CANNULATION STRATEGIES
The standard cannulation site in conventional CABG is the ascending aorta[27,32,49-51]. If the ascending aorta cannot be used safely because of severe atherosclerotic disease or other reasons, alternative cannulation sites may be used. The most preferred sites for the arterial inflow in CPB are the femoral arteries, axillary/subclavian arteries, and IA[51]. When choosing the arterial cannulation area, the risk profiles and benefit/cost ratios of the patients should be evaluated separately.
Femoral artery cannulation
FA cannulation is routinely used for extracorporeal circulation and constitutes the most common alternative to ascending aorta cannulation. The coexistence of severe atherosclerosis in the abdominal aorta or iliofemoral arteries limits its use[27,49,50]. The main disadvantages are the risk of cerebral atheroembolism and retrograde dissection caused by retrograde perfusion[17,27,51]. Grossi et al[47] showed that retrograde perfusion had no significant effect on the incidence of stroke in patients under 50 years of age, but it was an important risk factor for the occurrence of neurologic events in high-risk patients with aortic disease. Intraoperative malperfusion, arterial dissection, vascular injury, or limb ischemia are complications that are associated with cannulation. Femoral cannulation-related local wound complications occurred in only 1% of the patients, while the stroke rate was found to be 2%[18].

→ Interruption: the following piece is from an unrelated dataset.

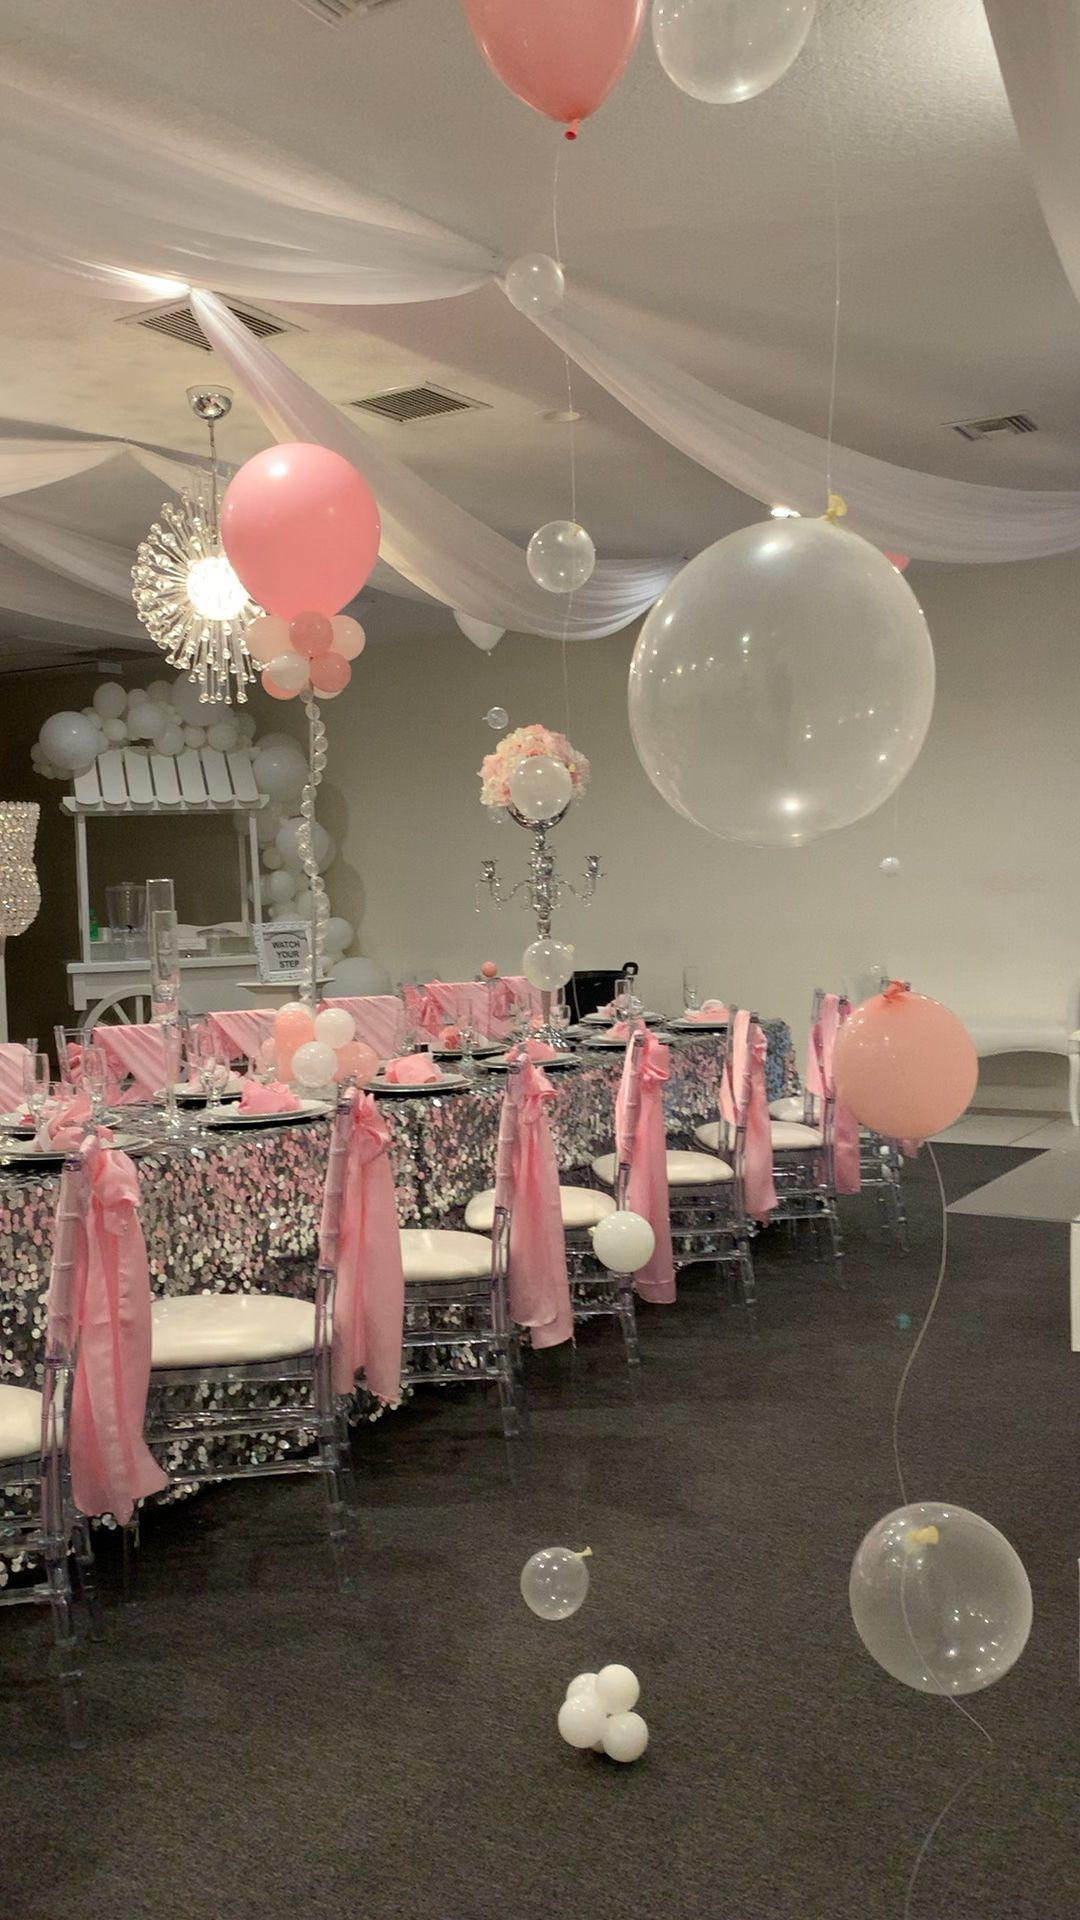 Birthday dinner party balloon decorations centerpi

Axillary/subclavian artery cannulation
The axillary artery (AA) is a safe and effective path to maintain adequate arterial flow during CPB[17,27,51]. Because they are less affected by the atherosclerotic disease process, the axillary/subclavian arteries are safe access places, even in patients with the severe atherosclerotic disease[51]. However, critical stenosis of the axillary, subclavian, or innominate arteries[52], inadequate AA diameter, AA dissection, and morbid obesity limit its usage[53]. AA cannulation is a safe method that offers shorter mean operative times, shorter average lengths of stay in the intensive care unit and hospital. Minor complications of axillary cannulation include seroma, hematoma, chronic pain, and pectoralis major muscle atrophy[53]. Brachial plexus injury, arterial dissection[16,54], and AA thrombosis requiring thrombectomy[51] are other complications.
The AA can be cannulated either directly or using a side graft[16,55-57]. Sabik et al[16] investigated whether the use of side grafts reduced morbidity in patients with 399 AA cannulations. In more than half of the patients (212 patients, 53%) the AA had been cannulated directly, and the remainder (187 patients / 47%) were cannulated using a side graft. Complications related to cannulation were brachial plexus injury in 7 (1.8%), AA injury in 7 (1.8%), aortic dissection in 3 (0.8%), and arm ischemia in 3 (0.8%) patients. These complications were statistically lower in the side graft group (2.1% vs 7.0%, P = 0.03). Carino et al[55] recommend the open Seldinger-guided approach for axillary cannulation (52/404, 13%) because of its safety, efficacy, speed, and simplicity.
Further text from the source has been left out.